CoQ10 Is Also Useful for Atrial Fibrillation
Ubiquinol — the reduced, electron-rich form of CoQ10 that your body produces naturally — plays an important role in the electron transport chain of your mitochondria, where it facilitates the conversion of energy substrates and oxygen into the biological energy (adenosine triphosphate, or ATP) needed by your cells for life, repair and regeneration.
It’s a fat-soluble antioxidant, meaning it works in the fat portions of your body, such as your cell membranes, where it mops up potentially harmful byproducts of metabolism known as reactive oxygen species (ROS). As such, ubiquinol and CoQ10 supplements help protect your mitochondrial membranes from oxidative damage.
Oxidative stress and increased ROS can play a role in the development of Afib. Conversely, scavenging of ROS and a reduction in oxidative stress have been shown to be an essential part of keeping the heart functioning normally.23
In one study, 102 patients with Afib were divided into two groups. One group was given a CoQ10 supplement while the other group was given a placebo. After 12 months of supplementation, 12 people in the placebo group had Afib episodes compared to only three people in the CoQ10 group.24 Levels of malondialdehyde, a known biomarker of oxidative stress, also went down significantly in the CoQ10 group.
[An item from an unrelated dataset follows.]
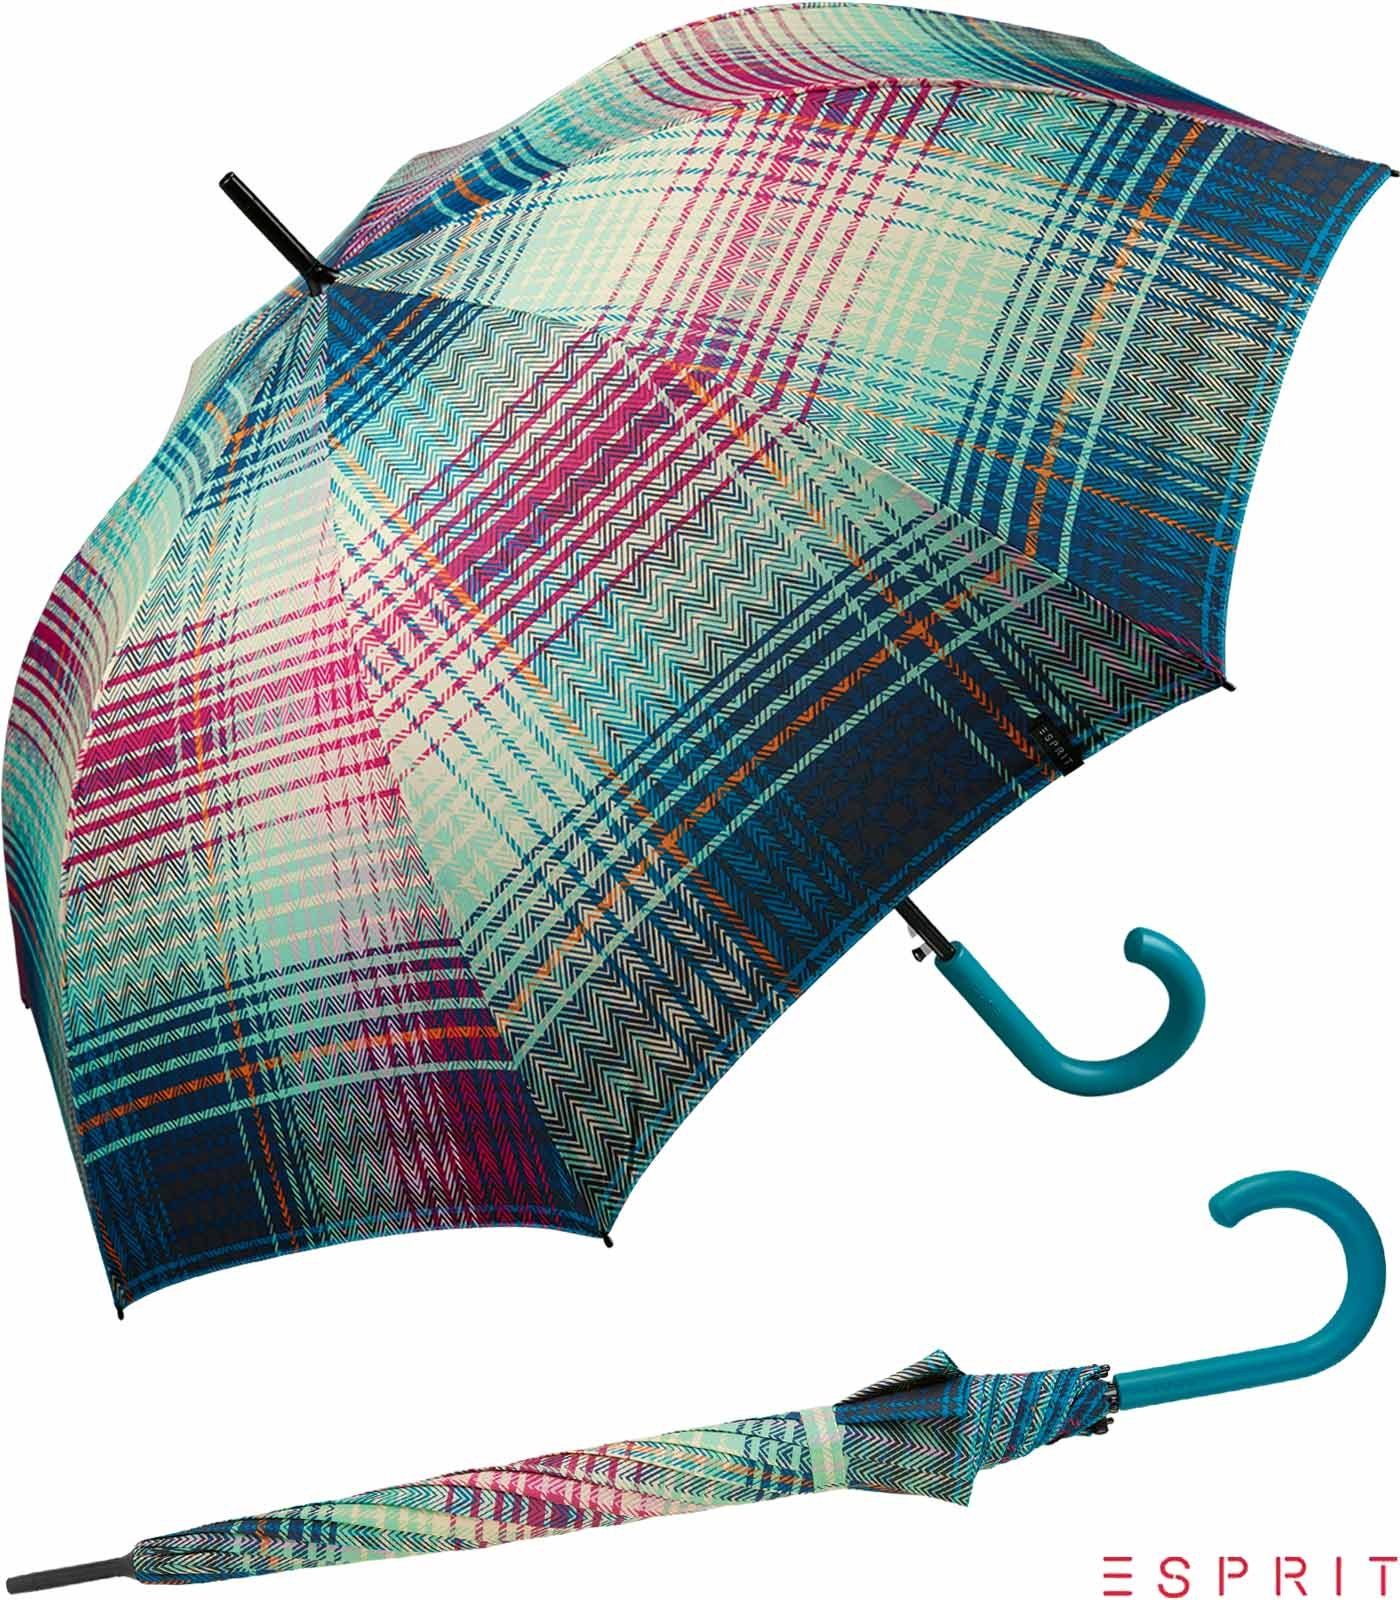 Esprit Langregenschirm Damen mit Auf-Automatik - Cosy Checks - ocean depths, groß, stabil, in bunter Karo-Optik türkis-bunt

Your body can naturally make CoQ10, but genetic alterations in metabolism, poor diet, oxidative stress, chronic conditions and aging can all interfere with CoQ10 production and lead to CoQ10 deficiency. Statin drugs can also deplete CoQ10.
Ubiquinol production ramps up from early childhood until your mid- to late 20s. By the time you hit 30, it begins to decline.25 Young people are able to use CoQ10 supplements quite well, but older people do better with ubiquinol, as it’s more readily absorbed.
If you’re having chest pain or irregular heartbeat, you should seek medical attention. However, you may be able to support heart health and address health conditions like Afib by leading a healthy lifestyle and using supportive supplements like ubiquinol or CoQ10 and lumbrokinase.